Lawmakers from the coalition government approved the 2014 budget proposal Tuesday in the face of fierce opposition from those indignant at the prospect of a third straight year of austerity as the country battles to avoid asking a second bailout.

The austerity measures, such as spending cuts and tax rises, pursued by successive governments over the past few years, have hit living standards in the country, pummeled the economy and sent unemployment up to 16.3 percent.

But the country has little room for flexibility after agreeing a 78 billion-euros ($105 billion) financial rescue in 2011 when it almost went bankrupt amid the debt crisis that engulfed countries sharing the euro currency. Since then, Portugal's creditors have forced it to enact the austerity in an effort to repair its public finances and convince investors that Portugal can live within its means.

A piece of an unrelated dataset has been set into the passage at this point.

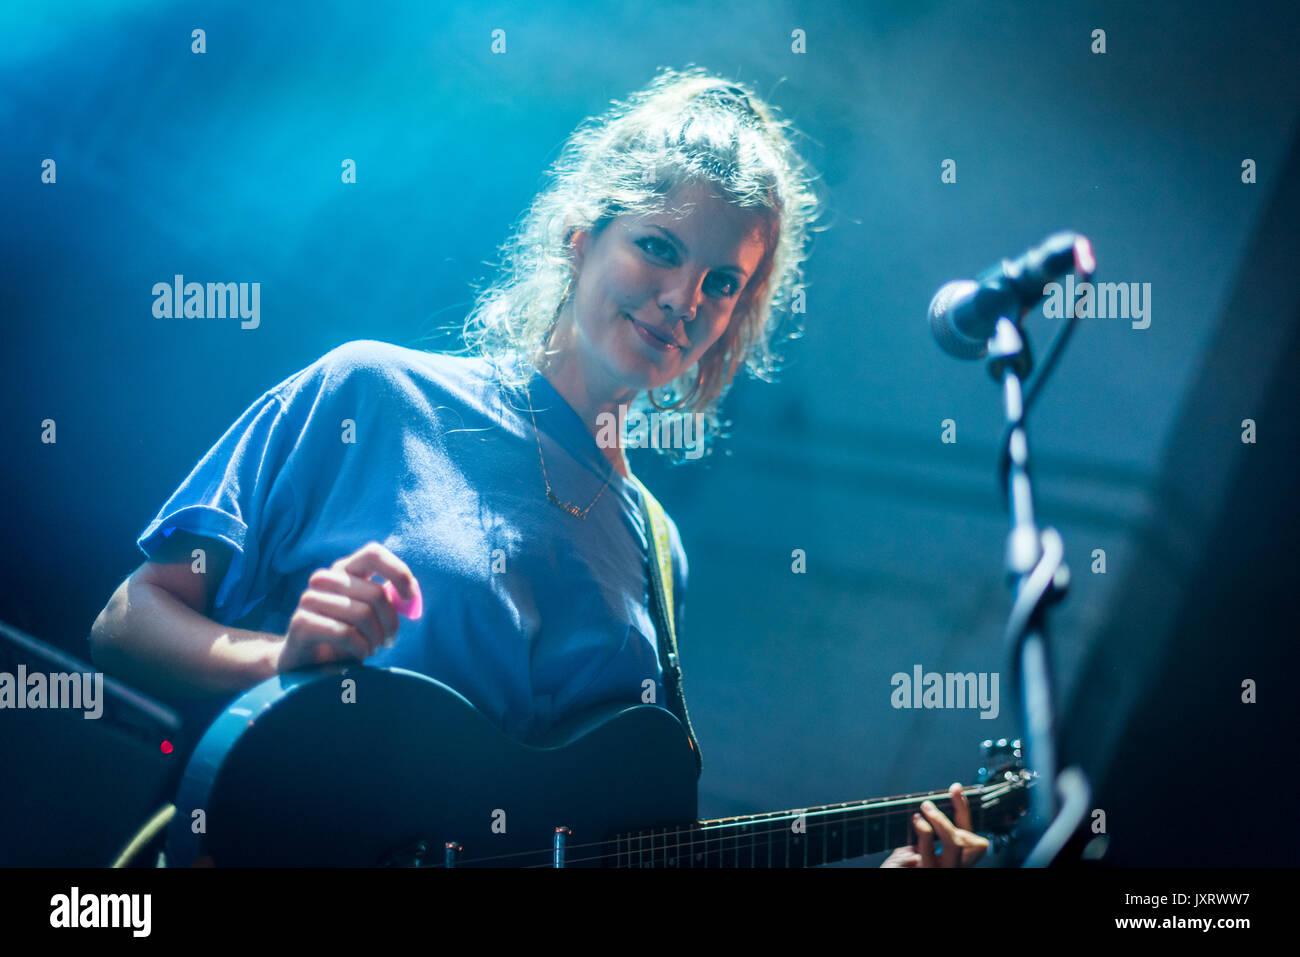 Edinburgh, Scotland, UK. 16th Aug, 2017. Carlotta Cosials of the Madrid band Hinds onstage at Summerhall, Edinburgh, Stock Photo

Finance Minister Maria Luis Albuquerque said Tuesday that austerity must continue because "unfortunately we are still in a situation of crisis and emergency which demands exceptional measures."

Under the three-year bailout program, Lisbon is supposed to resume long-term borrowing in bond markets in the middle of next year. But despite years of belt-tightening, Portugal's credit rating is still classified as junk by the three main rating agencies, and the interest rate on the government's benchmark 10-year bonds is still hovering around the 6 percent mark a level still considered as expensive. The economy, meanwhile, has been in recession for most of the past three years.

If investors remain wary about lending to Portugal, the country will likely need more financial help a development that could prolong the 17-country eurozone's struggle to draw a line under its protracted debt crisis.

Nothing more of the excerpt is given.